Sienna, Paska and Twarda, Krochmalna, Chłodna, Grzybowska, Ogrodowa, Leszno and Nowolipie, where the girl is hiding, then Karmelicka, Gsia, Zamenhofa and Miła. When you die at age twelve, do you also reach old age earlier? Everything had kept getting less, they’d had to leave behind more and more baggage, or else it was taken from them, as though they were now too weak to carry all those things that are a part of life, as though someone were trying to force them into old age by relieving them of all this. Two woolen blankets they had — no featherbed — provisions for five days, wristwatch, handbag, no documents. This is how her mother, leading her by the hand, had entered the ghetto, and even the part of the city they had entered had already been relieved of many things. There were no trees there, let alone a park, but there wasn’t a river either, there were no automobiles, no electric streetcars and so few remaining streets that it didn’t even take the length of a Lord’s Prayer to rattle off their names. Everything that was still the world could easily be traversed on foot, even by a child. And this world had gone on shrinking as the end approached. At first the small ghetto was emptied out and dissolved, now it was the turn of the southern part of the large ghetto, and the rest was sure to follow soon thereafter. Don’t be so wild, her father had always said to her when she went skidding across the parquet from one end of the room to the other, now she was being a wild child here, but what being wild meant here was: not going instead of some other girl, not offering her head to be counted, playing dead instead of reporting to die, trying to survive without drinking or eating. Never in her life has she been wilder than in this tiny chamber in which she doesn’t speak, doesn’t sing, can’t stand up and, when she sits, keeps banging her knees against the wall. She, Doris daughter of Ernst and Elisabeth twelve years old born in Guben, a wild child, a blind and deaf old woman scarcely capable of moving her limbs any longer.
In Brazil, her father had said, you’ll need a hat for the sun. Are there lakes in Brazil too? Of course. Are there trees in Brazil too?

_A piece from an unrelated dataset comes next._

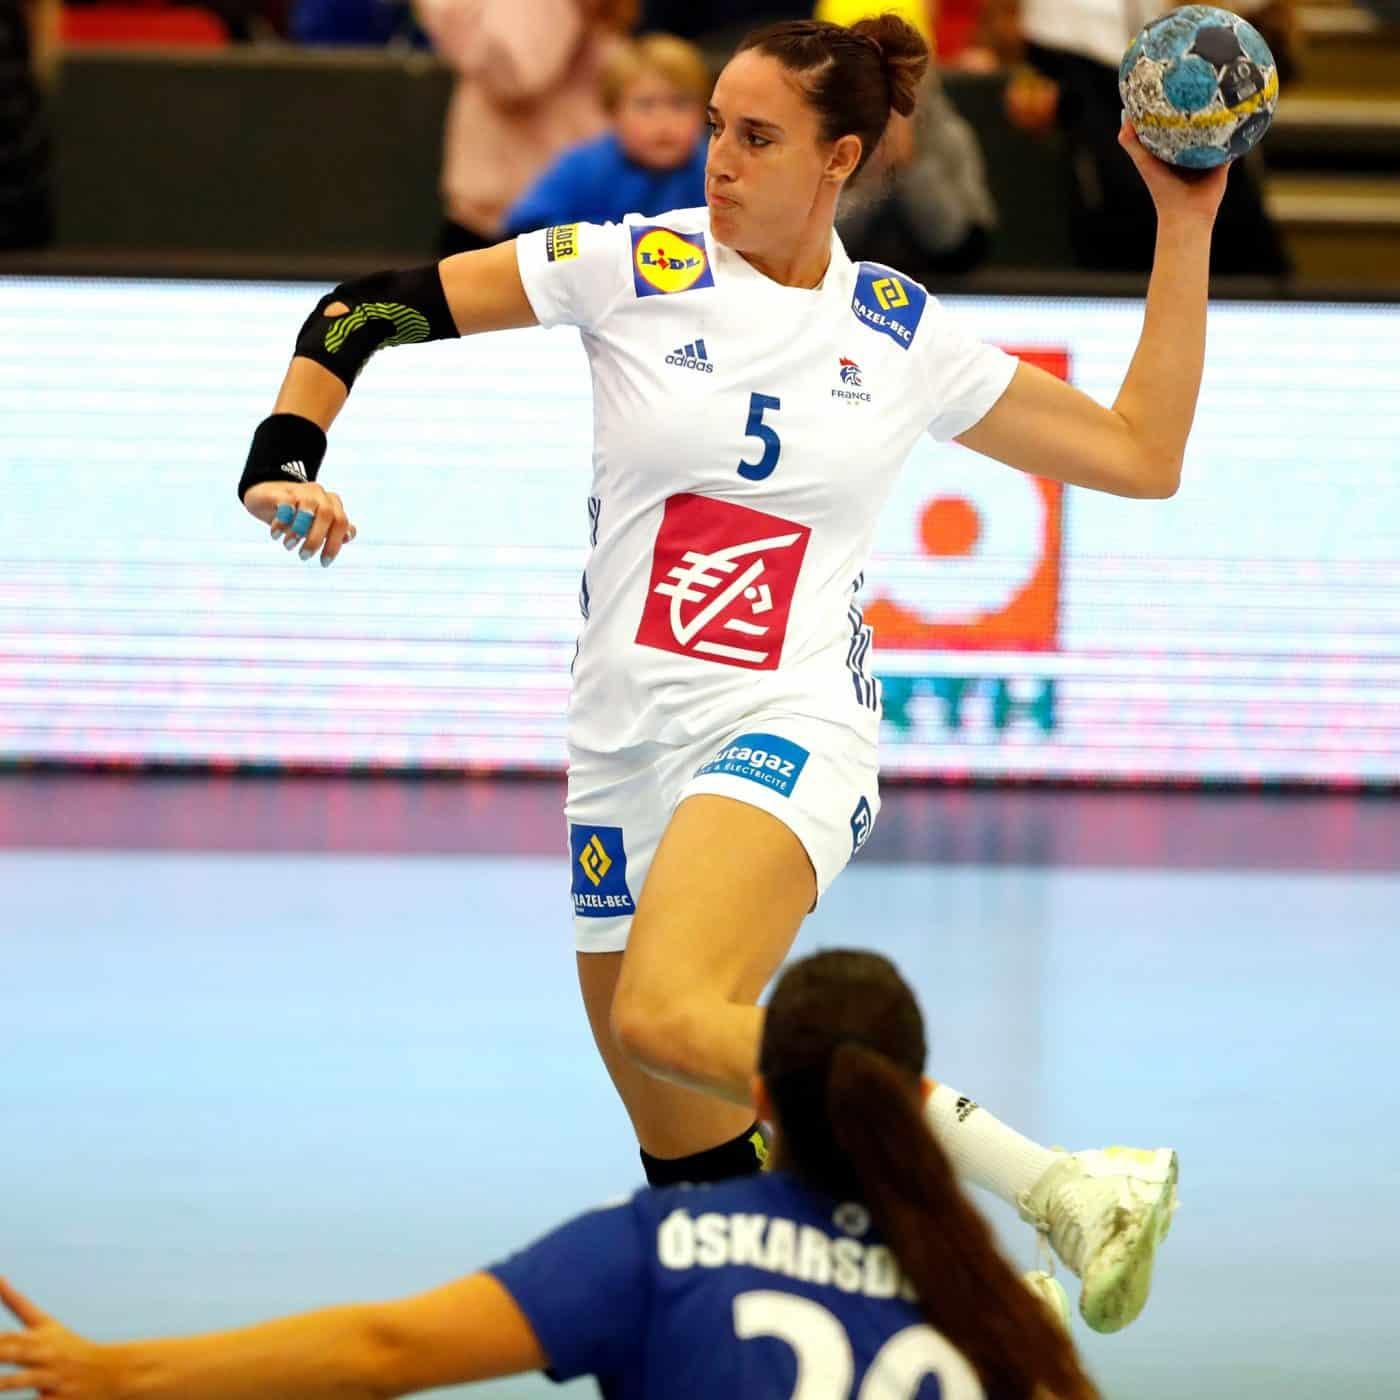 octobre-rose-équipe-de-france-handball-2019-caisse-d-epargne-2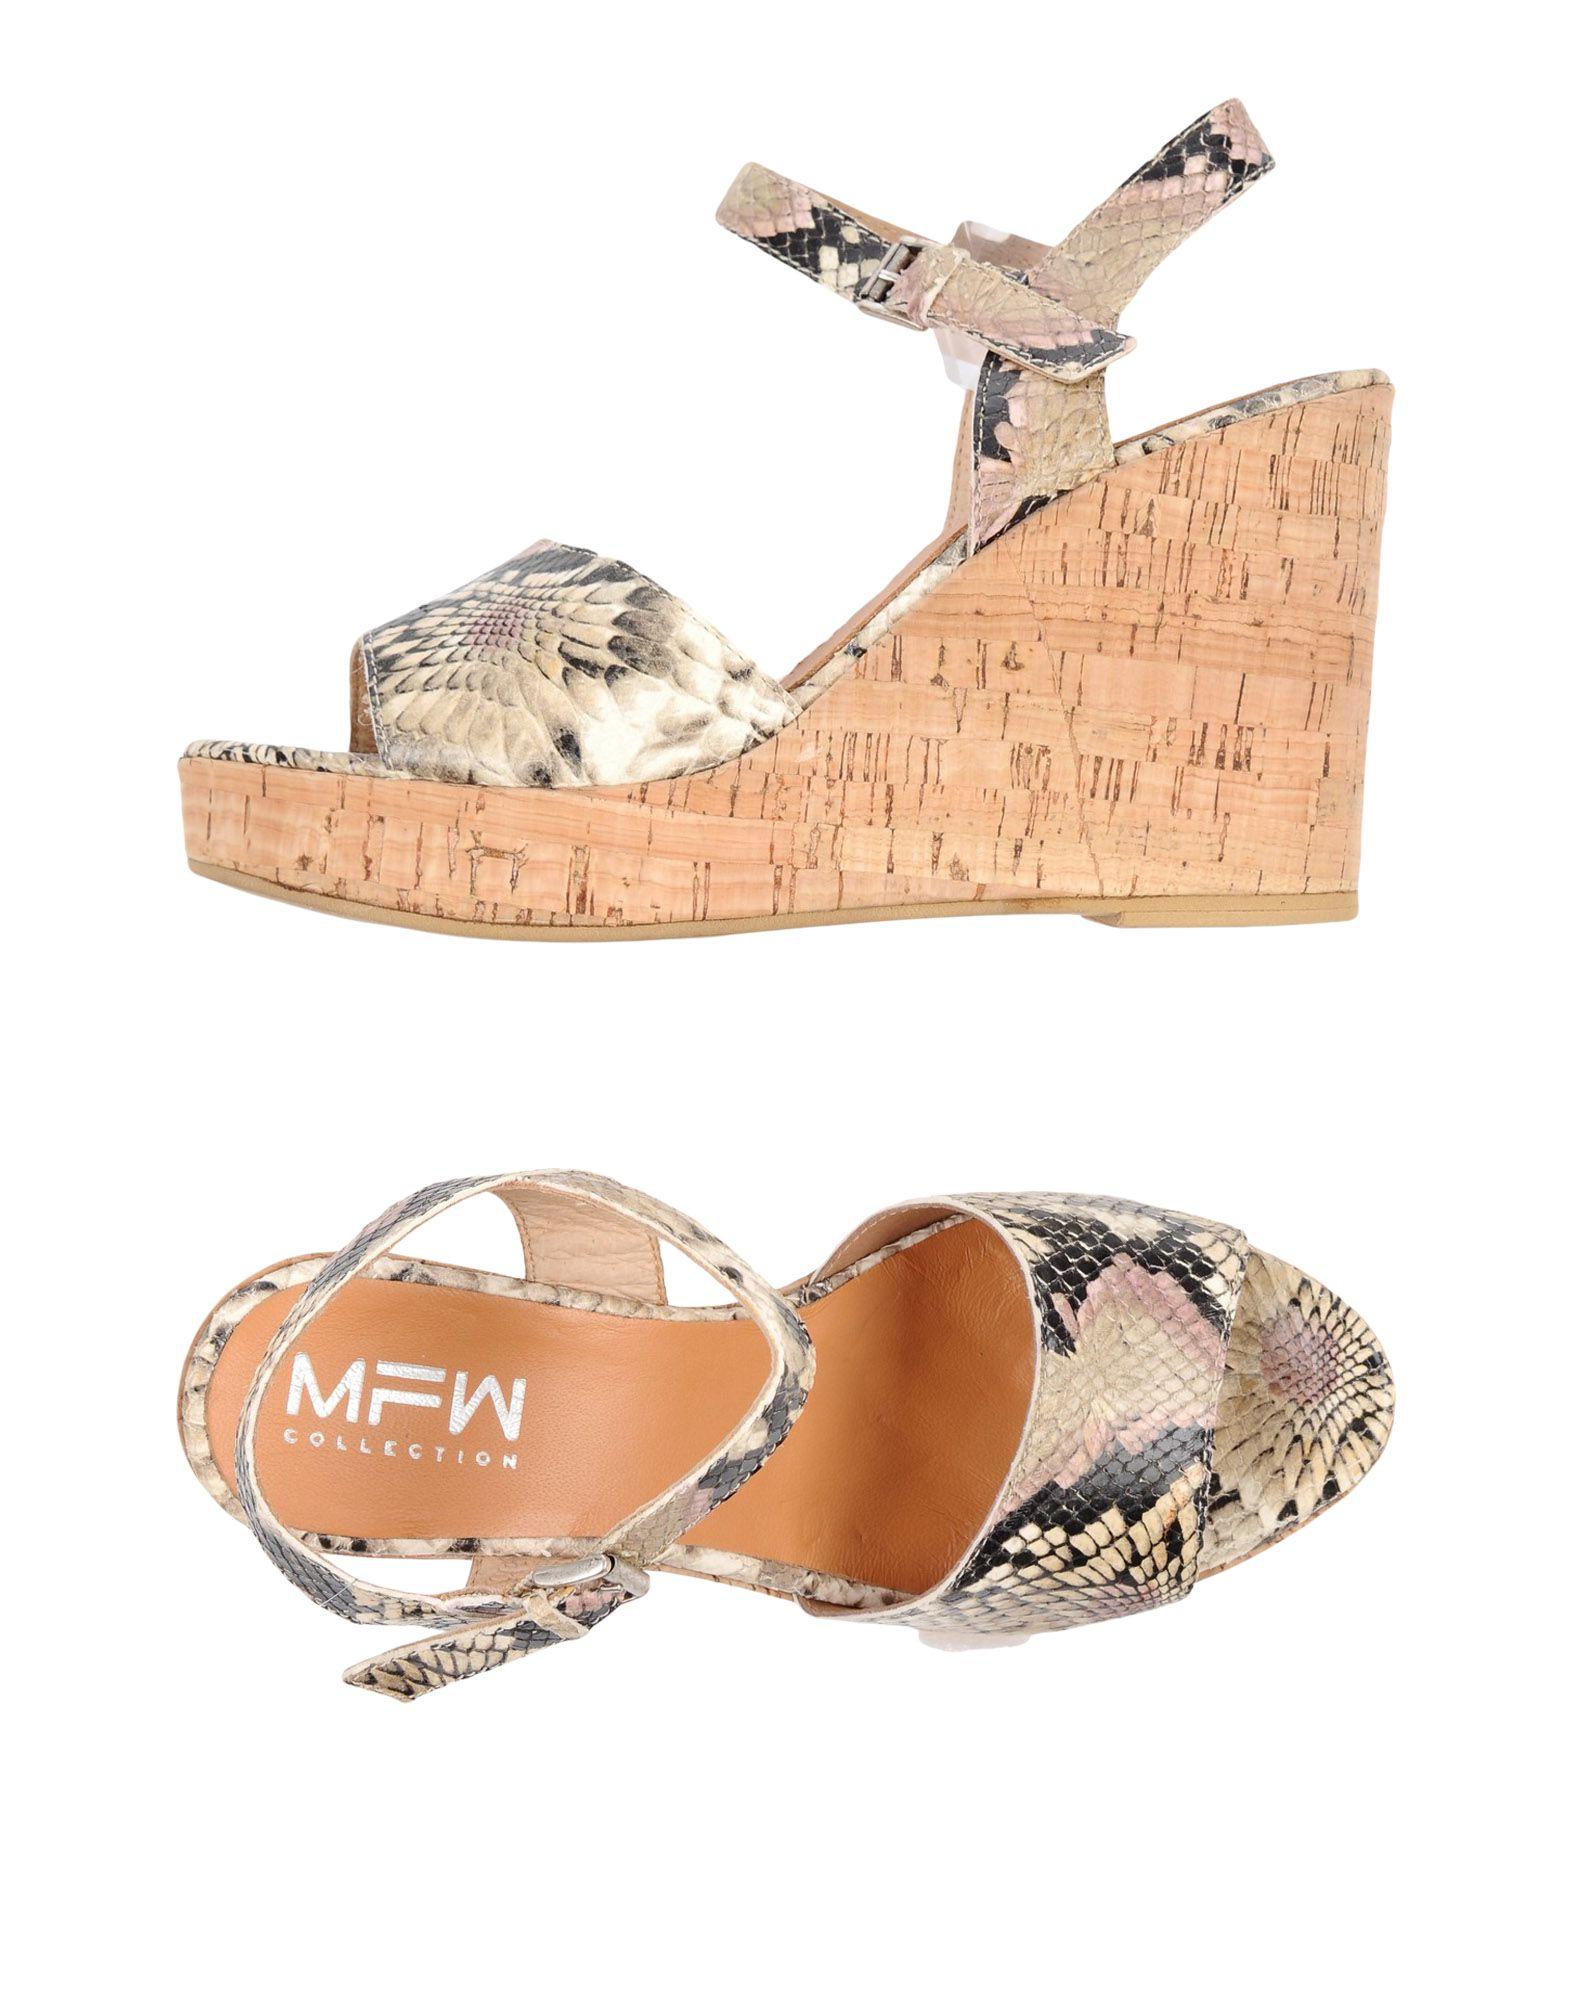 Mfw Collection Sandalen Damen  11473348XF Gute Qualität beliebte Schuhe

Twice as tall as here. And our piano? It won’t fit, her father had said and then shut the door of the container, which now held her desk and several suitcases filled with linens and clothes, and her bed with the mattresses and all her books, closed it and locked it. This container was surely still standing on the lot of some shipping company in Guben, but all of this was so long ago that her bed, if she were now to arrive in Brazil, would be much too short for her, and the shirts and stockings and skirts and blouses several sizes too small. Their apartment in Guben had been dissolved when they packed the container for their move to Brazil; after this the girl had been sent to Berlin, and her parents’ address to which she sent her Sunday letters changed several times from one shabby part of Guben to an even shabbier one. But as long as there was still hope that they would be allowed to emigrate, it didn’t seem important to her parents or her that they’d had to pull the rug out from under their own memories when they packed for the journey to Brazil. When her father received the notice to report for forced labor at the autobahn construction site, the refrigerator built to withstand the heat of the tropics was still standing in the container on the lot of the shipping company. Only after her father’s death did it become clear that the packing up of their everyday existence in Guben into this darkness had in truth been an anticipation of their own being packed up, and that both these things were final.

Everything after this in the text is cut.